I massaged soap between my toes and excavated gunk from under my nails with a scrub brush. Brett had the wiry build of an ex college runner. He wasn’t much taller than me — he’d spent his pubescent energy on speed, not height — and his colors were muted, like he’d been left out in the sun too long. Sandy hair, sandy eyebrows, sandy lashes, sandy skin. He was distant last week, I thought, as scorching rivulets of water pooled in my clavicles and traced the insides of my thighs. Probably trouble with Christina. I’d keep the conversation light, at first. Don’t pry, don’t fidget, don’t laugh like a goddamn mental patient.

Steam turned the bathroom hazy and smoothed the sharp edges of the countertop and doorframe. Eddies of warm, wet air curled around my hips and my feet looked faraway. I turned off the shower, stepped out of the tub and groped for a towel. There were no towels on the rack. Heather. I pumped some lotion into my palm and reached for my legs, but my fingers grasped mist. My shoulders were obscured by shower fog. The mirror had become an opaque, unhelpful, grey blue rectangle. Where are my legs? I threw open the bathroom door and entered the kitchen, where Heather was making hot chocolate.

“What, in your medical opinion, is going on with me?” I asked. Heather turned around and gave me an appraising look. The mist had followed me out of the bathroom. Where my body used to be, there was a vague, swirling pinkness.

“In my medical opinion, I don’t know,” said Heather. “Do you want a Pepto?”
“I want you to fix it.”
“Hmm.” Heather put her hands on her hips. “Okay,” she said and left the room.

In her absence, I took stock of my situation. I felt fine. My head, my hands and my feet were solid. The rest — incorporeal. A smudge. A waste of a good bikini wax. Not ideal for a high-stakes date night.

“Try this,” Heather said, handing me a dark bundle of cloth. “It should hold you together nicely.” I slipped the long black shift dress over my head. It had a turtleneck and wrist-length sleeves.

“I look like a dowdy witch.”
“Or a sexy nun.”

The dress corralled me into a rough woman-shape. But my waistline was nonexistent and my midsection undulated like a drunken snake. Heather took a step back and squinted.

“We’ll belt it,” she said.

***

Dinner was delicious. I ate two slices of honey butter bread, carrot soup in a wooden bowl, beef stroganoff, a quarter of Brett’s Tex-Mex salad (off the low-cal menu) and a scoop of pistachio ice cream, all without feeling bloated. Then, Brett drove me to an abandoned Jimmy John’s parking lot. “Christina’s been staying over,” he explained, before reaching for the hem of my dress.

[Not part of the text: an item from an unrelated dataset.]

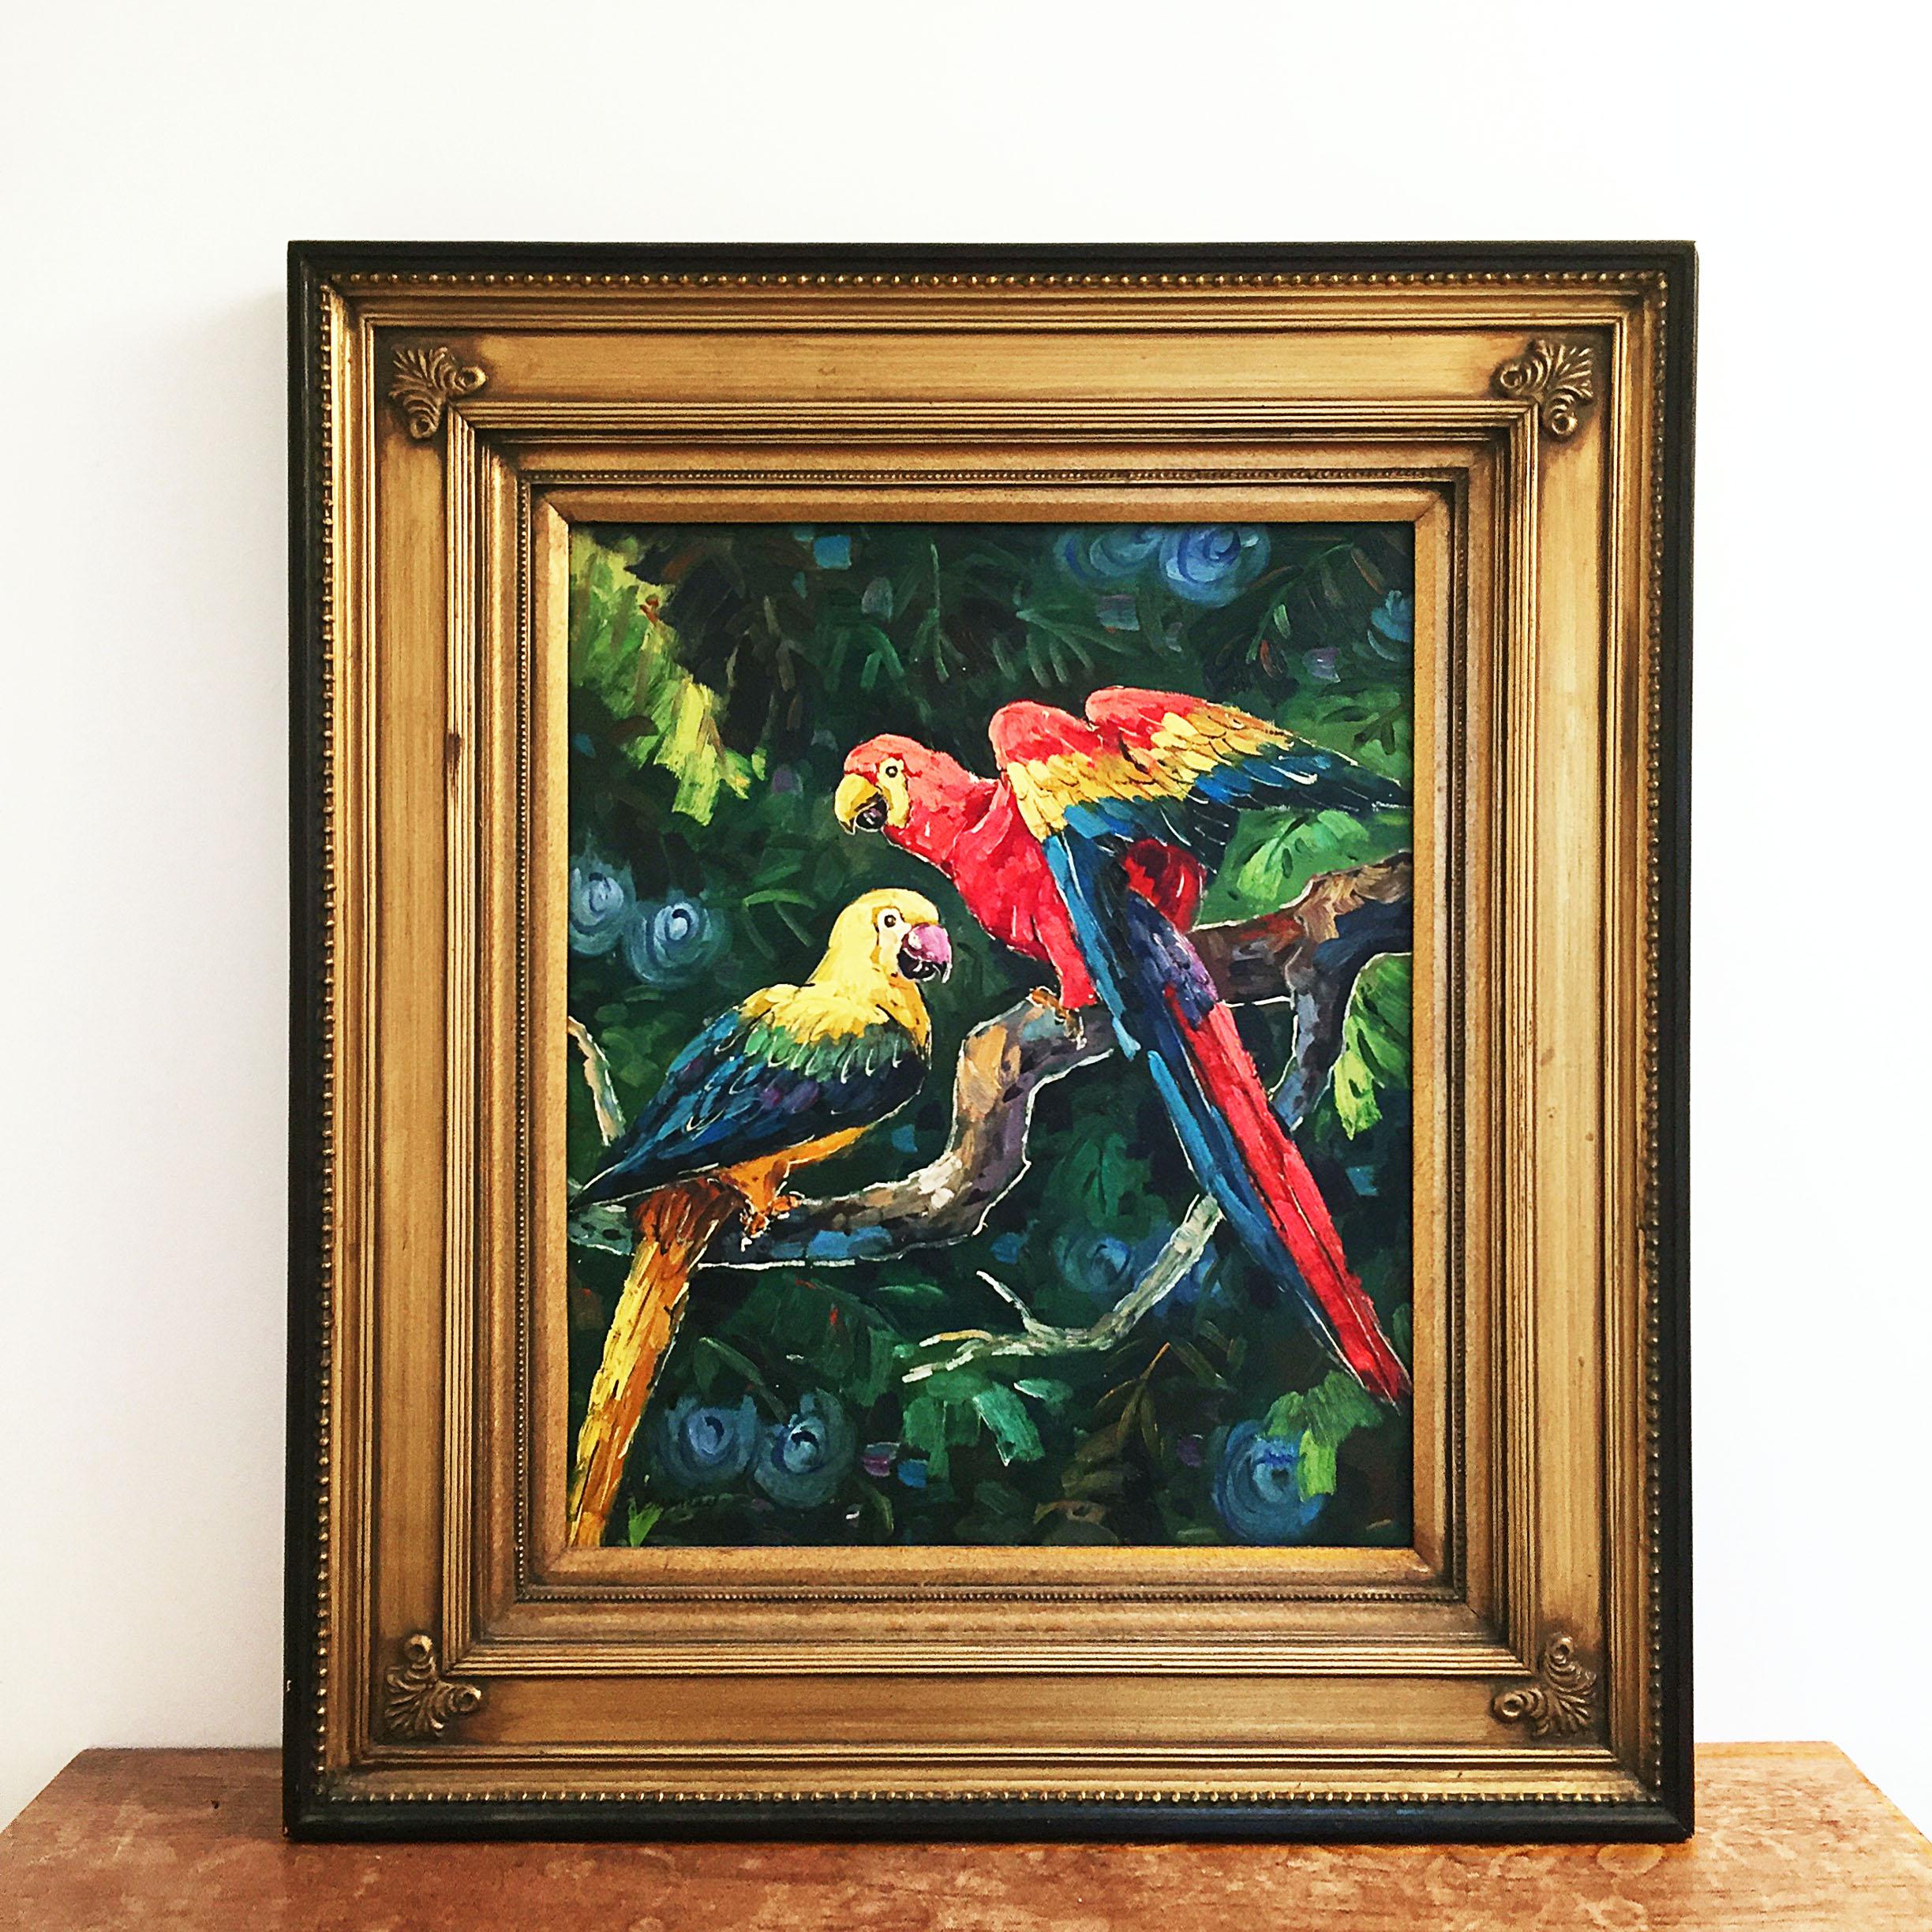 Ein schönes exotisches Gemälde in Öl auf Leinwand, das zwei Papageien in einem Dschungel darstellt. Kräftige Farben, kahl gebürstet und gerahmt in einem schweren vergoldeten Holz- und Gipsrahmen. Irgendwann in den 1990er Jahren hergestellt und

I suffused the inside of the car, fogging up the windows, twisting through Brett’s hair, settling on his eyelashes and in the swirl of his ear. The skin on his hands was leathery, the skin under his armpits and behind his knees was tender. I glowed, like predawn light. Brett looked at me the way I’d always wished he’d look at me when I had a body — with awe and desire, as if the conglomeration of parts that made up me was somehow uniquely attractive. As if my arms were better than two million similarly-shaped arms on a million other women.

“Come closer,” he begged. I floated under his eyelids and nestled in his lungs. He reached for me, but his hands grasped the air.

“Where are you?”
“I’m right here.”

I watched him while he searched for me in the empty car. His mouth was open, his lips were dry, his skinny arms were flailing.

Brett — a creature of defined veins and skim milk and fitness powders of various colors, functions and flavors, of stringency and self-discipline, of tall iced tea women with hair ties on their wrists — made me sad. Try as he might, his body would never be purified. I evaporated out the tailpipe and into the sky, and he didn’t notice when I left.

***

“How was your date?” asked Heather. As usual, she was waiting for me, an “I’m Having One of Those Decades” coffee mug in her fist.

I spread across the floor and covered Heather’s slippers in dew. “It went alright,” I said.